Stop the Repetition Cycle

I’ve observed that people often repeat traumatic events over and over again.

It’s called “repetition compulsion” in psychology.

Today, I was reading the memoir of a well-known person who recently re-experienced what she had experienced in junior high school. She had a career as a very popular highly-paid news anchor who suddenly had people turn on her and bully her. She eventually found herself without a job. When she was in junior high school, she had a group of friends that rejected her and bullied her. They were very cruel to her and it was quite traumatizing. She went from being popular to being very alone. The similarities were uncanny.
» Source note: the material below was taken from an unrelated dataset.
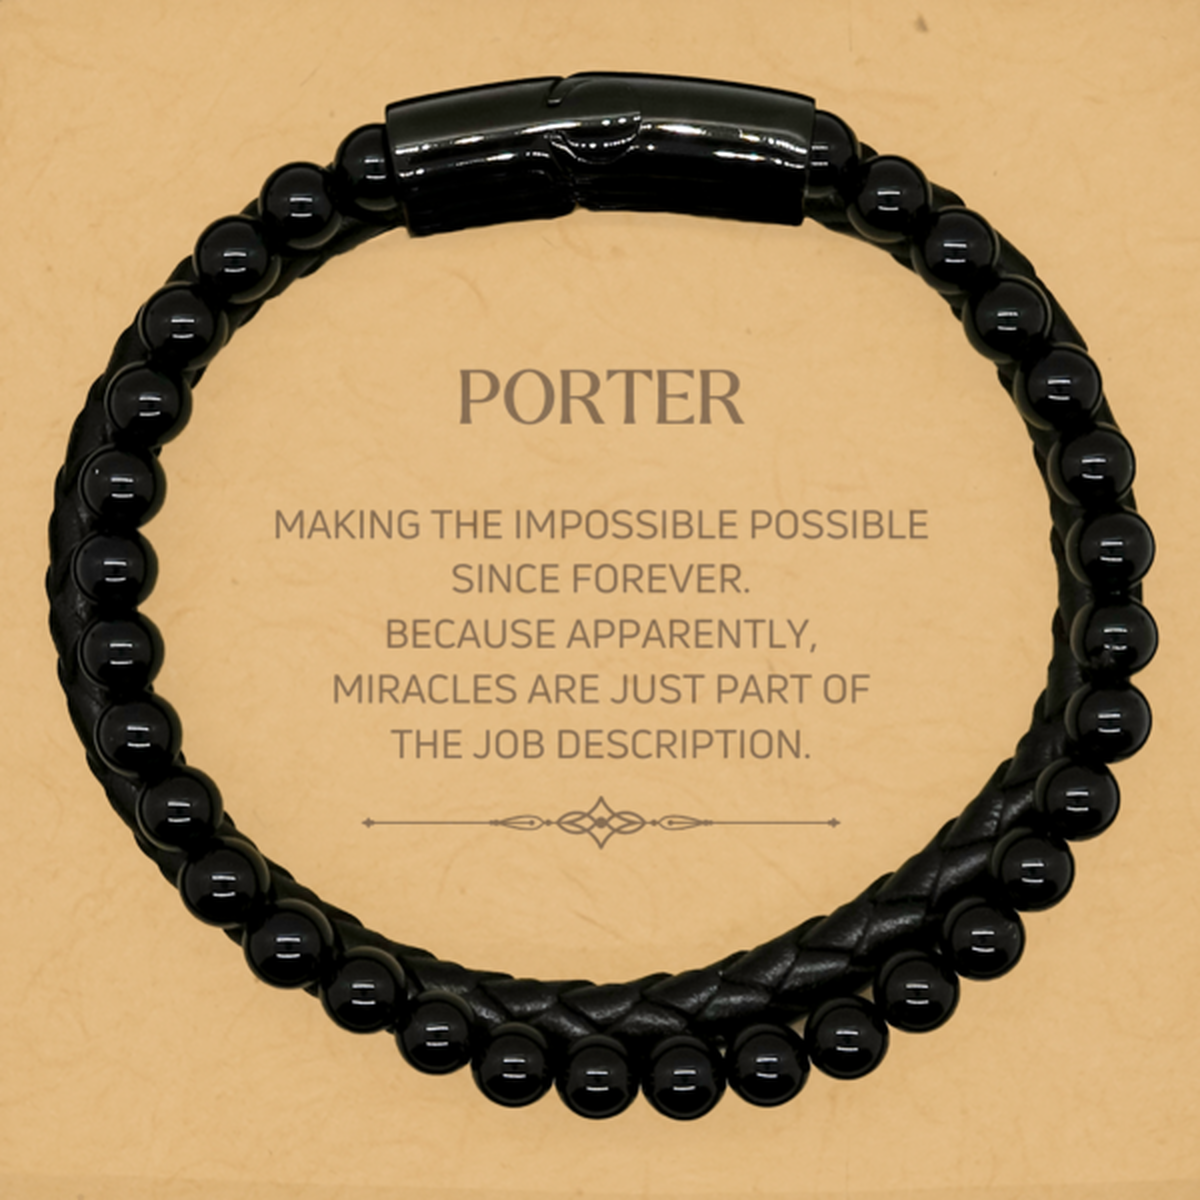 Funny Porter Gifts, Miracles are just part of the job description, Inspirational Birthday Stone Leather Bracelets For Porter, Men, Women, Coworkers, Friends, Boss

According to psychiatrist and researcher Bessel van der Kolk, “Many traumatized people expose themselves, seemingly compulsively, to situations reminiscent of the original trauma. These behavioral reenactments are rarely consciously understood to be related to earlier life experiences.”

According to Sigmund Freud, an Austrian neurologist and the founder of psychoanalysis, we seek out these experiences in order to recreate history and change the outcome, thereby gaining mastery over what we could not control as a child.

I believe that another factor is that “we create what we believe.” During the initial trauma, we form negative core beliefs that will cause us unconsciously to keep drawing situations and people into our lives that match our beliefs.

In order to stop the cycle of repetition and to repair the damage of past trauma, we need to recognize and stop unhealthy survival patterns. We often numb our emotions through addiction. As Dr. Gabor Mate says, “I never ask why the addiction, I ask why the pain.”

We need to heal past trauma and identify the negative core beliefs we formed – and then actively “rewire our brain” with the truth.

After bringing healing to the traumatic memories, we may need to do some form of somatic work to release trauma from our bodies. This can involve deep breathing and trauma-informed exercises. This helps to change the central nervous system’s arousal response which puts us automatically in “fight, flight, freeze” mode.

Healing is a journey, but help is available and we can stop the repetition cycle.